As regard the lung segmentation task, the LungQuant performances compare well with those obtained by Ma et al. [29]. Furthermore, a limitation of the LungQuant v1 software was to be prone to underestimate the amount of lung involvement in more severe cases as visible in Fig. 7. This limitation in the system performance was due to the fact that most cases in the annotated data samples belong to low CT-SS classes. The introduction of a new term in the loss function of the U-net\(_2\) of the LungQuant v2 version helped the system in generating a more linear response with case severity, as visible in Fig. 7 and demonstrated by the smaller MAE obtained. However, more populated and representative samples, which could allow balancing training examples according to the severity of radiological findings, would improve the U-net\(_{2}\) capability to correctly segment larger lesions.
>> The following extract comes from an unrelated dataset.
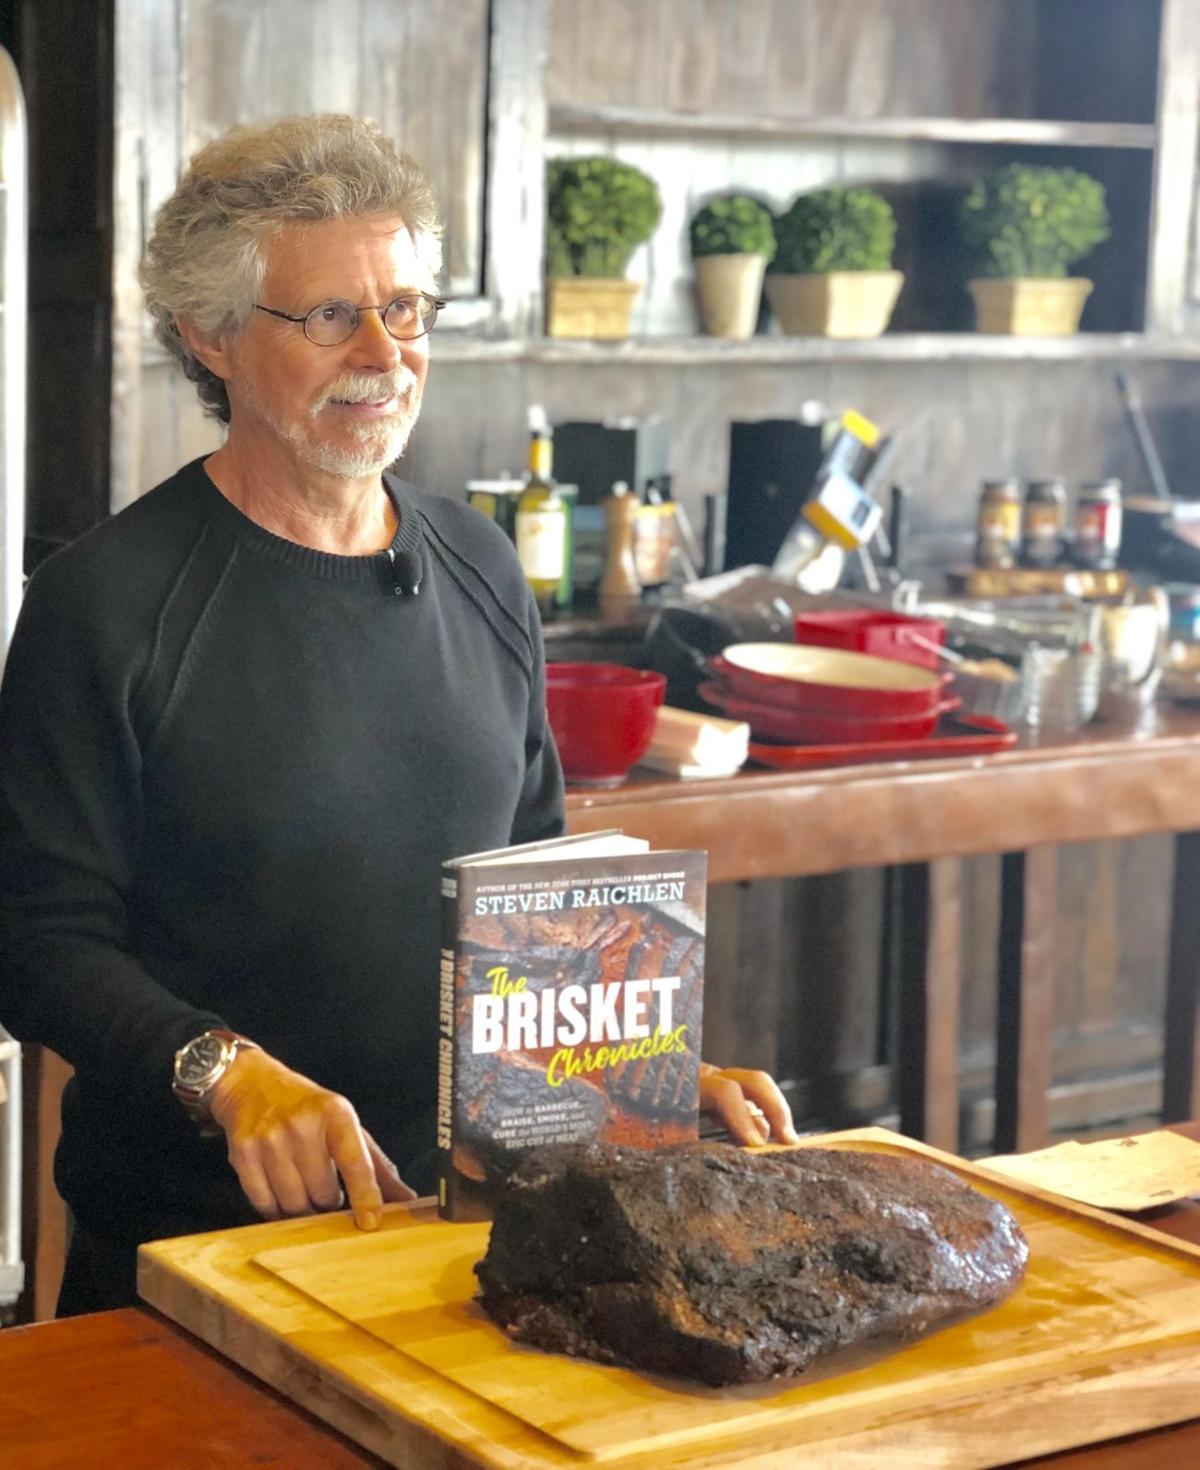 Barbecue University wows with an 'epic' brisket in Colorado Springs ...

Training ML systems on balanced datasets is a crucial point to obtain homogeneous performances that are independent from the severity of the disease. The current lack of a large dataset, fully representative of the underlying population, i.e. collected by paying attention to adequately represent all categories of disease severity, limits the possibility to carry out accurate training of AI-based models.
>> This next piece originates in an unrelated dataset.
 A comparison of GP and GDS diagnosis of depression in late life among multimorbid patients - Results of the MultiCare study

The possibility to access more populated and fully annotated data samples is fundamental to push the performance of image processing models based on DNNs. Learning from data where the characteristics of a heterogeneous population are adequately represented helps the DNN models to reach better and more homogeneous performances on previously unseen examples, i.e. to improve its generalization ability. As a final consideration, this segmentation and quantification work opens the way to lesion characterization studies. The segmentation of lungs and lesions related to COVID-19 pneumonia is a prerequisite to the extraction of radiomic features that can help to distinguish COVID-19 infection from other non-COVID related pneumonia and to develop predictive models of patients’ outcome. In this direction, the work by Fang et al. [28] developed an AI-based method to predict a severity score, which showed the remarkable performance of AUC = 0.813 in predicting the subjects’ intensive care unit admission. To evaluate the capability of our LungQuant2 system to enable the development of predictive models of disease progression and patients’ outcome, the availability of a fully annotated database with phenotypic and clinical information of patients is required. Lastly, the LungQuant segmentation software underwent a clinical validation made on 120 CT scans and its outputs have been compared to the visual assessments of CT images by 14 radiologists coming from five different Italian hospitals [38].